По метеоусловиям Таймыра
Как ни молился в душе Антипин, ничего не помогло – над аэропортом висели тяжёлые облака, из которых лениво сыпался мокрый снег, и «аннушки» ровной шеренгой стояли на приколе. Но он всё-таки пошёл к справочной. Молоденькая дежурная оторвалась от журнала, привычно произнесла:
– По метеоусловиям все местные авиалинии закрыты.
– Надолго? – спросил он, хотя прекрасно знал, что на этот вопрос ему никто не сможет ответить, и, постояв, вернулся к рабочим.
– Загораем, – понятливо встретил его Харитонов. – Работа стоит, деньги идут… Так мы, с твоего позволения, начальник, отметим перелёт полярного круга…
Антипин обвёл взглядом рабочих, стоящих за спиной у Харитонова, буркнул:
– Только не до вытрезвителя.
– Обижаешь!.. – Харитонов прищурился. – Мы как миллионеры, в банке много, в кармане – шиш.
Он повернулся, вразвалку пошёл через зал на яркий указатель «Ресторан», и следом послушно потянулись остальные.
Золотоискатели, так вас и растак, – уныло подумал Антипин, провожая взглядом сутулые спины в одинаковых, защитного цвета телогрейках. Крикнул вслед:
– Харитонов! В шесть у справочной жду!
– Замётано.
Антипин вышел на улицу.
Снег падал ещё гуще, не оставляя надежд пассажирам на скорый вылет. На горизонте смутно серели унылые пятиэтажки Алыкели и два виднеющихся вагона ждущей электрички. Махнуть бы в город к приятелям – и ожидания бы не заметил, помечтал он и с раздражением подумал о своей команде: накуролесят без него, за всё лето не расхлебаешь. Потом, с таким же раздражением, вспомнил начальство, оттянувшее вылет на два дня, а эти два дня – вот они и обернулись теперь июньской метелью.
Он курил, стоя под козырьком аэровокзала, провожая спешащих на электричку неулетевших отпускников. И завидовал им: пусть через день, два, неделю, но всё равно улетят они в свой длинный отпуск, на морские пляжи, под жаркое солнце, а у него пятый год лето проходит в тундре, пятый год купаться и загорать будет в бане да под кварцевыми лампами.

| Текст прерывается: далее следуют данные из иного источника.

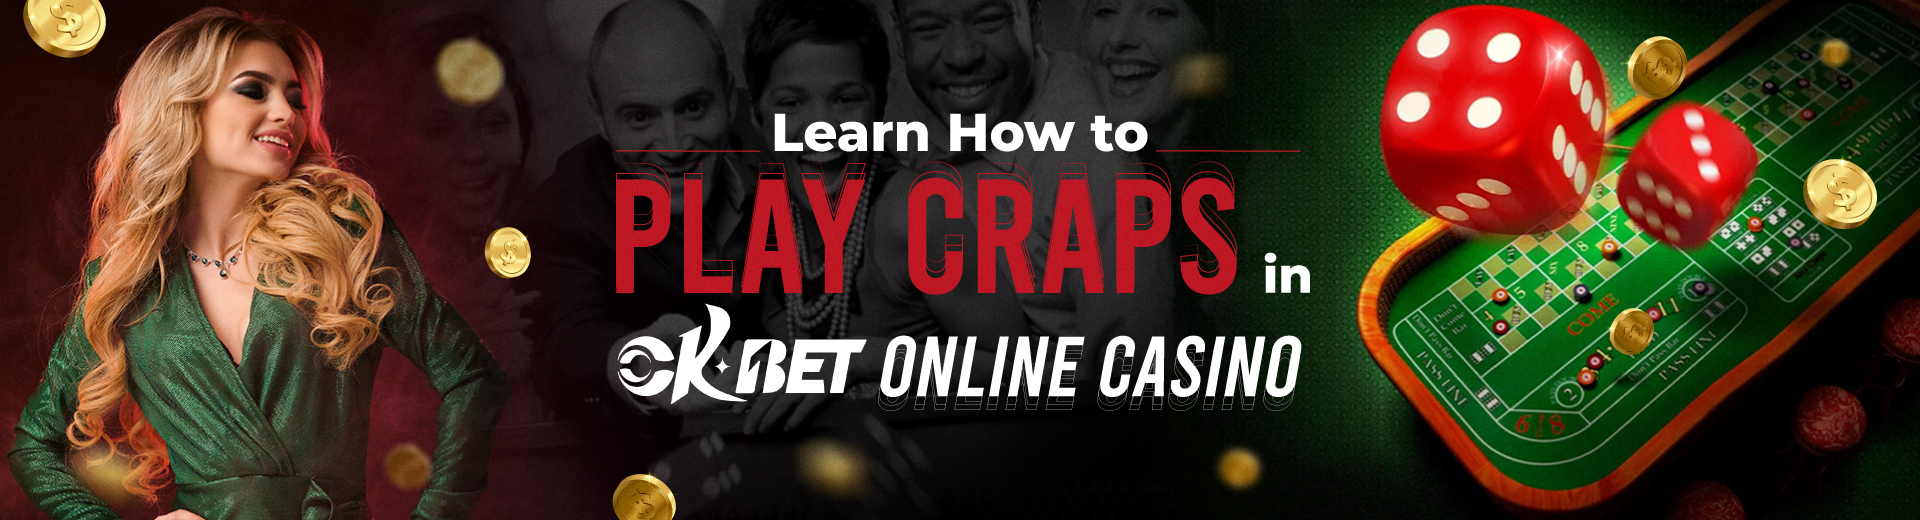 How to Play Craps for Beginners in OKBET Online - OKBET online casino
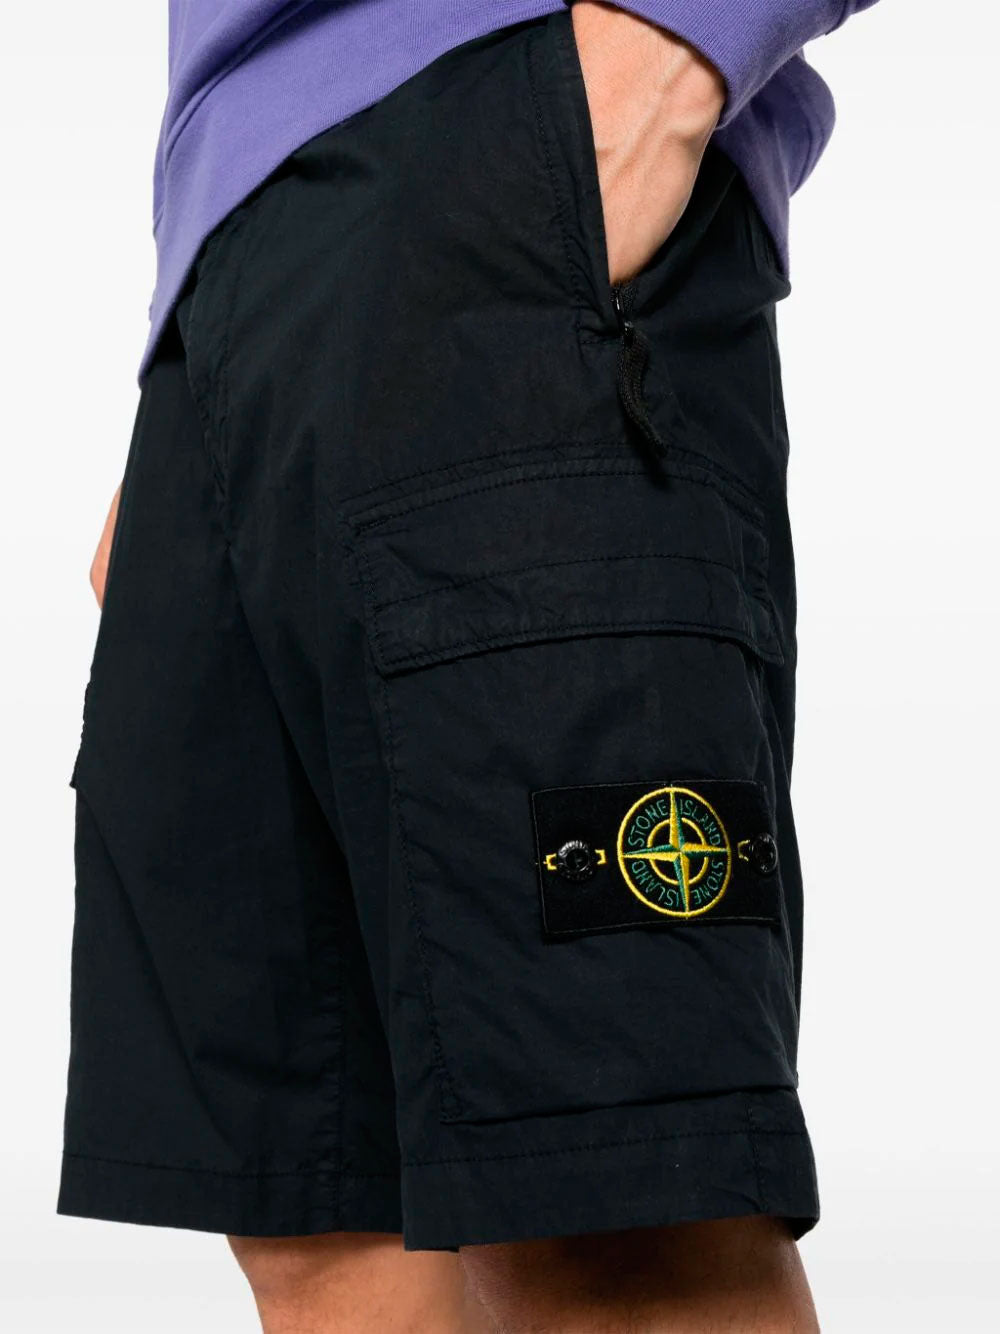 Compass-badge bermuda shorts

– Бородатенький, – потянула его за рукав намалёванная красавица в дублёнке. – Будь любезен, разреши сигаретку?..
Он вытащил из пачки две.
– Зачем? – Она скользнула пальцами по его руке. – Я сама могу тебя угостить…
Он оглядел когда-то красивое, а теперь уже помятое усталое лицо, стараясь поймать взгляд, но женщина отводила глаза и, кривя губы, шумно выпускала дым.
– Так я ведь, миленькая, ещё только туда, а не оттуда, так что… – он похлопал по планшету, – пустой ещё.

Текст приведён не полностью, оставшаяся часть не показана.